Money Management is *not* Risk Management
-----------------------------------------
Typical Money Management strategies such as fixed trade allocation, do
not take capital risk into consideration.
Risk Management is not possible without measuring actual risk, and
adjusting exposed capital to it, at both trade and strategy levels.

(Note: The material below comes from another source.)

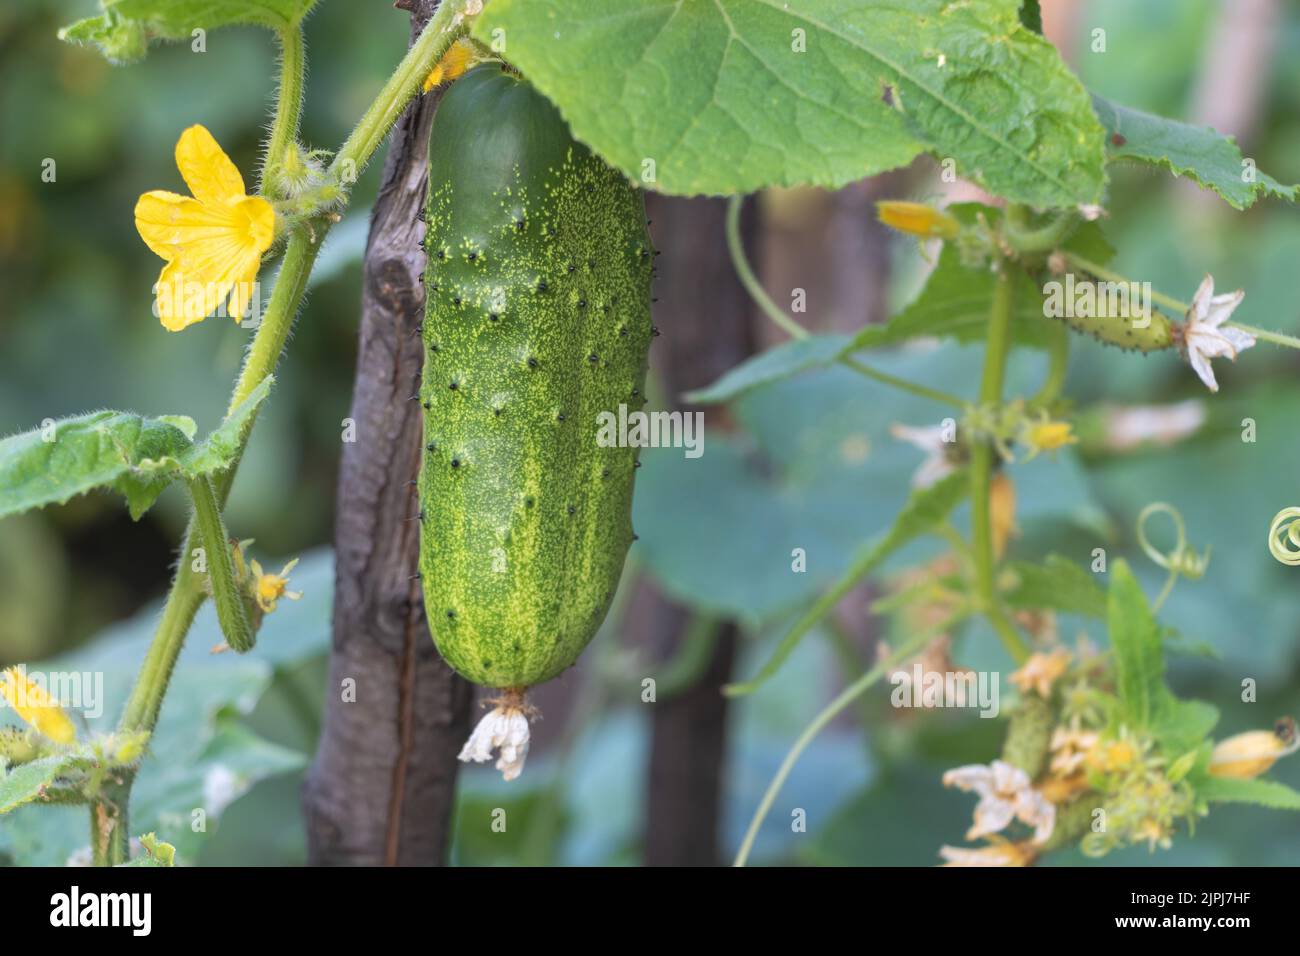 Cetriolo fresco su un supporto in legno - angolo alto di cetriolo verde che cresce in giardino nelle giornate di sole Foto Stock

Risk Management or correct capital allocation, is a major component of
the risk-adjusted profit indicator set in both the URSC tool-kit and
MACDH Divergence kit.
jose '-)
http://www.metastocktools.com
--- In equismetastock@xxxxxxxxxxxxxxx, "david" <dwei9361@xxx> wrote:
>
> If you have the facility to backtest it, with something like
> Tradesim, why not test it and see is these percentages work for your
> particular system ?
>
> Always test ... even if someone says something may be better or the
> other is rubbish, if you can't test that it is, most likely it is
> not, and even more likely is that you will not follow it.
>
> It is always easy to destroy something than build something.
>
> Regards
>
> Dave
>
>
>
> -----Original Message-----
> From: equismetastock@xxxxxxxxxxxxxxx [mailto:
> equismetastock@xxxxxxxxxxxxxxx]
> On Behalf Of Jose Silva
> Sent: Tuesday, 28 February 2006 11:53 AM
> To: equismetastock@xxxxxxxxxxxxxxx
> Subject: [EquisMetaStock Group] Re: Why 1~3% risks for investment ?
>
>> Many people use 1~3% risks for their investment, but does anyone
>> know why?
>
> No one knows what lurks in the minds of traders, otherwise we could
> preempt the public and become quite wealthy practically overnight.
> ;)
>
> I suspect that the main reasons for a fixed (1%~3%) trade capital
> allocation are based on a misunderstanding of risk, or an inability
> to measure and act on risk properly.
>
> The main reason for capital allocation (money management), is to
> control risk to some extent.
>
> Allocation of capital (i.e., exposure to risk), should be done on an
> individual security basis. That is, look at individual trade
> history for each security, and allocate x% of capital to it
> according to historical risk.
>
> For example, a risky/volatile stock may require caution and a
> smaller capital outlay, whereas a more stable/trending security with
> less historical risk, can cope with a larger trade size.
>
> In other words, don't allocate capital % on hearsay or fixed
> percentages. Be smarter, and allocate capital according to
> individual risk exposure.
>
> More on this in the current issue of MSTT.
> http://www.metastocktips.co.nz
>
>
> jose '-)
> http://www.metastocktools.com
>
>
>
>
> --- In equismetastock@xxxxxxxxxxxxxxx, chichungchoi <no_reply@>
> wrote:
>
> Many people use 1~3% risks for their investment, but does anyone
> know why? Does it have any approach to determine the risk level
> based on the performance of any strategy?